Tolstrup N, Rouzé P, Brunak S
Center for Biological Sequence Analysis, Department of Chemistry, The Technical University of Denmark, Building 206, DK-2800 Lyngby, Denmark.
Nucleic Acids Res. 1997 Aug 1;25(15):3159-63. doi: 10.1093/nar/25.15.3159.
Little knowledge exists about branch points in plants; it has even been claimed that plant introns lack conserved branch point sequences similar to those found in vertebrate introns. A putative branch point consensus sequence for Arabidopsis thaliana resembling the well known metazoan consensus sequence has been proposed, but this is based on search of sequences similar to those in yeast and metazoa. Here we present a novel consensus sequence found by a non-circular approach. A hidden Markov model with a fixed A nucleotide was trained on sequences upstream of the acceptor site. The consensus found by the Markov model shares features with the metazoan consensus, but differs in its details from the consensus proposed earlier. Despite the fact that branch point consensus sequences in plants are weak, we show that a prediction scheme incorporating them leads to a substantial improvement in the recognition of true acceptor sites; the false positive rate being reduced by a factor of 2. We take this as an indication that the consensus found here is the genuine one and that the branch point does play a role in the proper recognition of the acceptor site in plants.

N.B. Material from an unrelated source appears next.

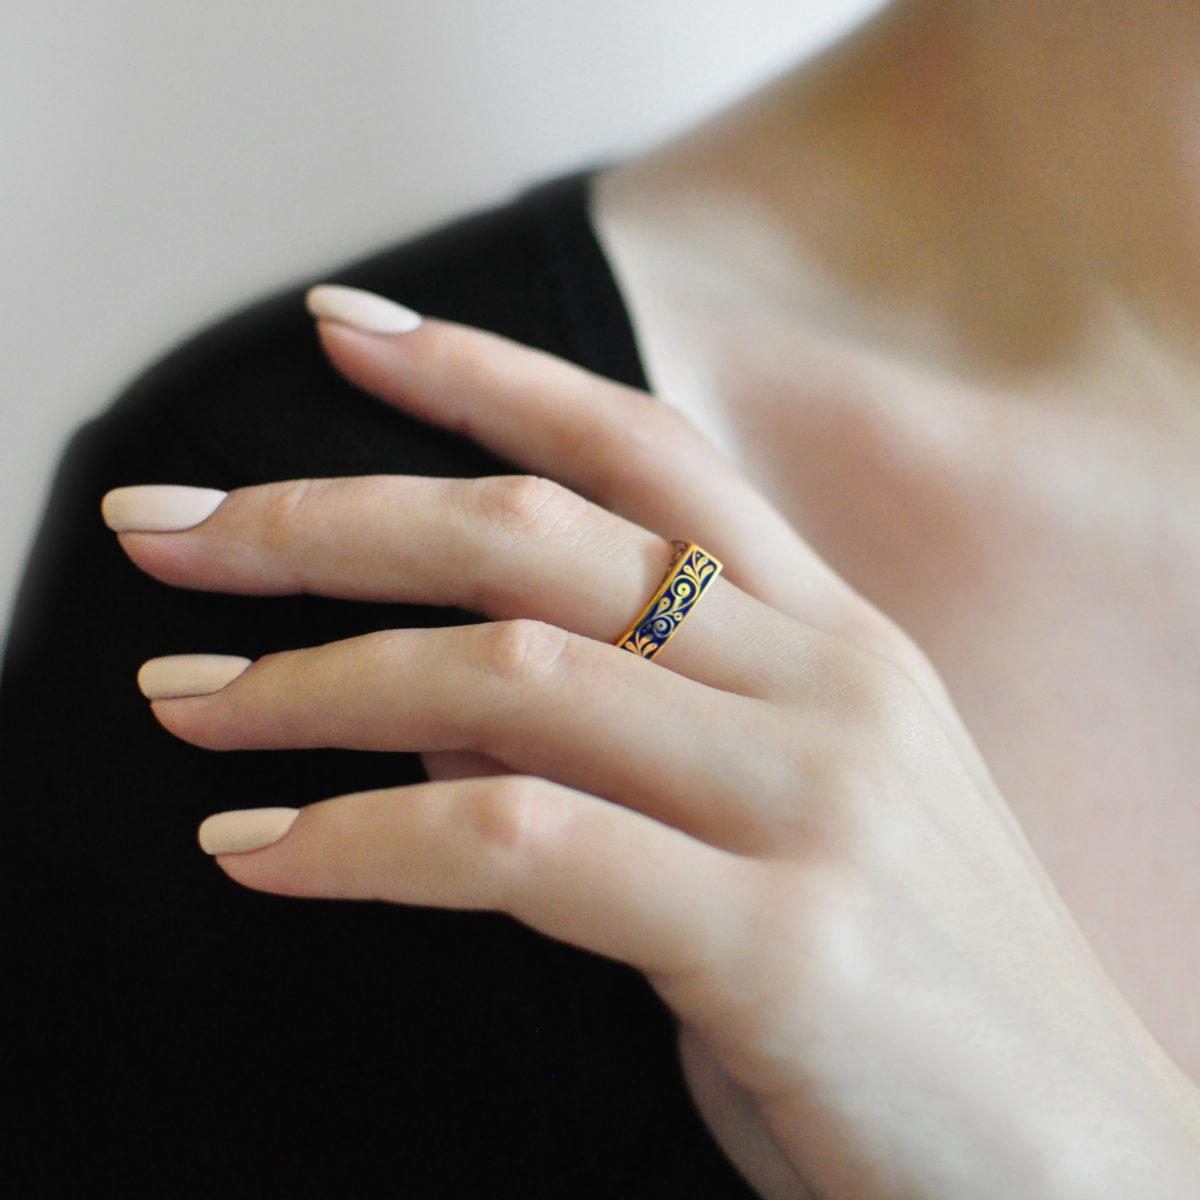 zolochenie sinyaya 1200x1200 - Кольцо из серебра треугольное «Спас-на-крови» (золочение), синяя

关于植物中的分支点,人们了解甚少;甚至有人声称植物内含子缺乏类似于脊椎动物内含子中发现的保守分支点序列。有人提出了拟南芥的一个推定分支点共有序列,它类似于著名的后生动物共有序列,但这是基于对与酵母和后生动物中序列相似的序列进行搜索得出的。在这里,我们展示了一种通过非循环方法发现的新共有序列。在受体位点上游的序列上训练了一个固定为A核苷酸的隐马尔可夫模型。马尔可夫模型找到的共有序列与后生动物共有序列有共同特征,但其细节与先前提出的共有序列不同。尽管植物中的分支点共有序列不太明显,但我们表明,纳入这些序列的预测方案能显著提高对真正受体位点的识别;误报率降低了一半。我们认为这表明这里找到的共有序列是真实的,并且分支点在植物中受体位点的正确识别中确实发挥了作用。